Dalam berdakwah, Allah berfirman menunjuki jalan yang seharusnya ditempuh oleh kaum muslimin; “Katakanlah wahai Muhammad kepada kaummu, inilah jalan yang aku tempuh. Di jalan ini aku mengajak manusia ke jalan Allah berdasarkan ilmu. Inilah jalanku dan jalan orang-orang yang mengikutiku. Maha suci Allah, dan tidaklah aku masuk dalam golongan orang-orang yang musyrik.” (Yusuf; 108)

Kewajiban mempelajari dan menyebarkan ilmu merupakan satu diantara pesan yang hendak disampaikan melalui hadits tentang lenyapnya ilmu, yang merupakan satu diantara tanda dekatnya hari kiamat.

Sebagai muslim, tentu tidak seorang pun menginginkan atau bahkan pernah berfikir menjadi satu dari mereka yang berkontribusi dalam proses lenyapnya ilmu agama ini. Meski demikian tidak sedikit dari mereka yang secara tidak sadar masuk dalam lingkaran proses tersebut, terbawa arus kekinian yang sarat dengan perkara-perkara samar dan menjebak.

Tuntutan ekonomi misalnya, tidak jarang dijadikan sebab oleh beberapa saudara kita yang telah Allah karuniai kesempatan dan kemampuan mempelajari agama secara khusus untuk beralih status dari seorang ustadz, da’I atau peneliti hukum agama menjadi seorang yang full menekuni bisnis atau full menggeluti profesi keduniaannya yang lain.
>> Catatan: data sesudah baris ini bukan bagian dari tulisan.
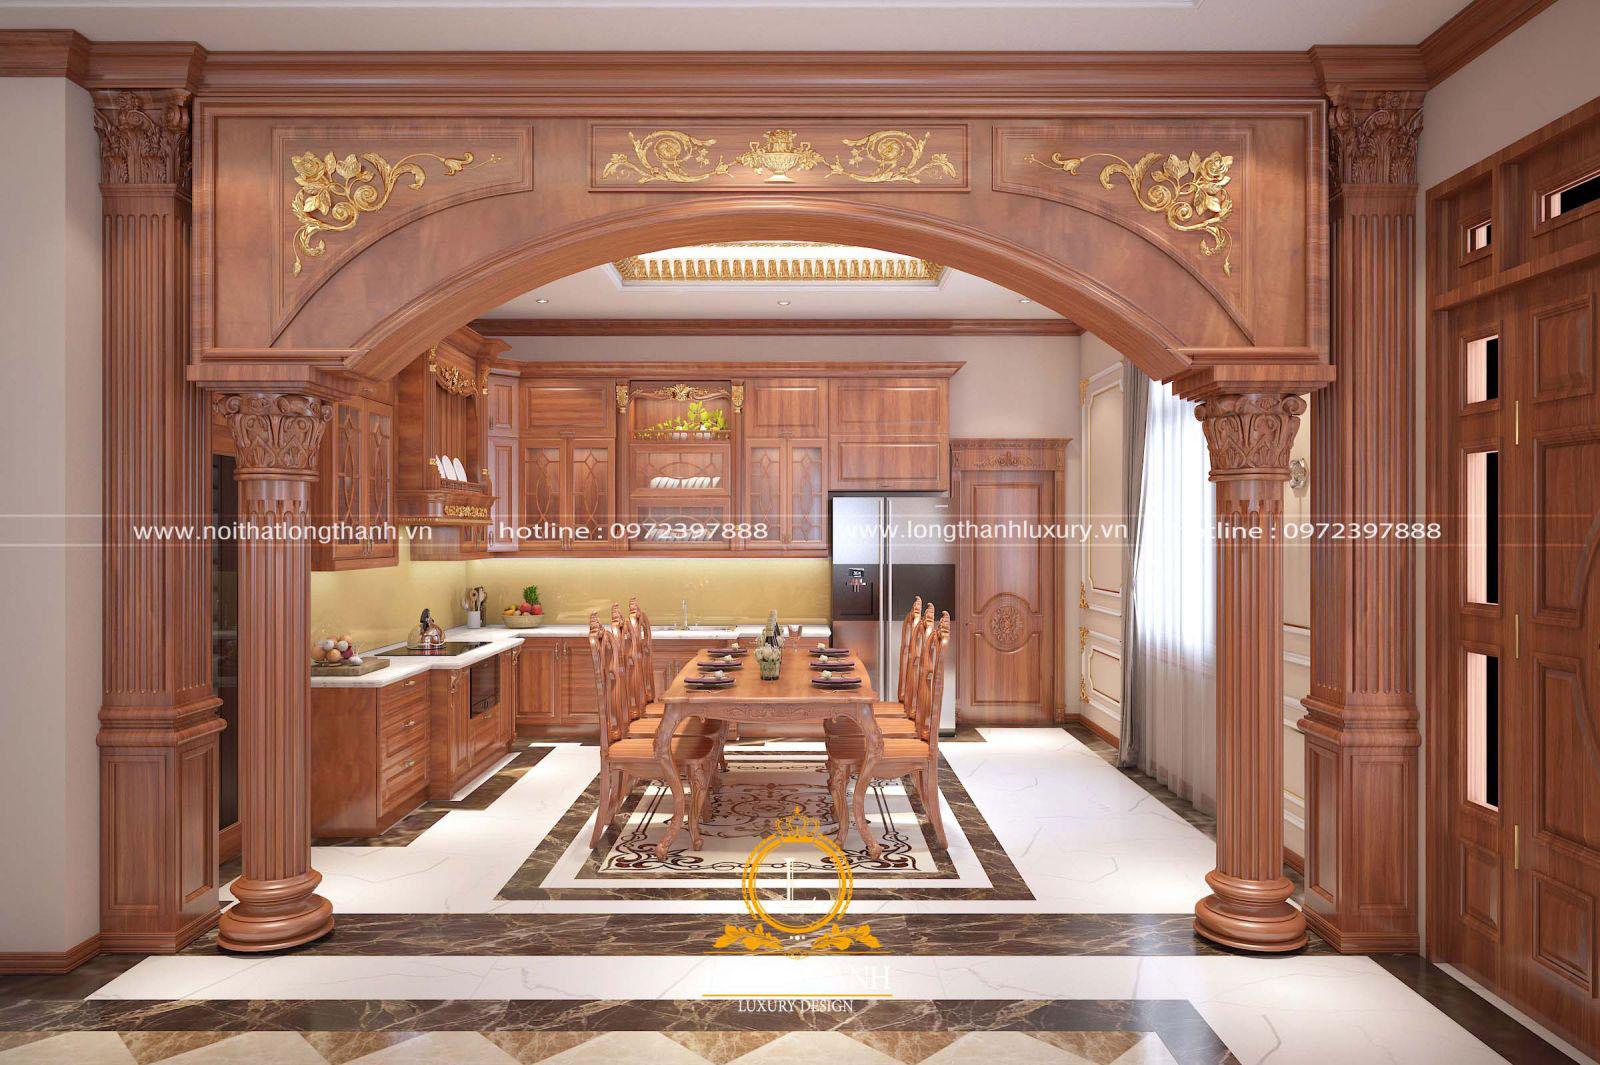 Tổng thể thiết kế nội thất phòng bếp với bộ bàn ăn sang trọng tiện lợi

Tuntutan untuk selalu eksis dan menjadi yang terdepan dalam penilaian wilayah kerja tertentu. Terkadang membuat pimpinan sebuah perusahaan memporsir seluruh potensi yang dimiliki oleh pekerjanya, hingga tidak lagi tersisa waktu bagi mereka untuk belajar agama melainkan diselipan-selipan waktu istirahatnya.

Inilah beberapa hal yang terkadang tanpa atau kurang disadari dapat menjadi batu sandungan dari proses tetap eksisnya ilmu agama. Dan pemaparan ini, tidak sama sekali bertujuan untuk mengecilkan profesi keduniaan atau menyepelekan pentingnya profesionalisme kerja. Namun jangan sampai hal tersebut berimplikasi pada terhambat atau kurang maksimalnya kerja dan usaha kita untuk mempertahankan eksistensi ilmu agama, baik untuk pribadi ataupun untuk orang sekitar kita. (Sumber: albinaa.sch.id)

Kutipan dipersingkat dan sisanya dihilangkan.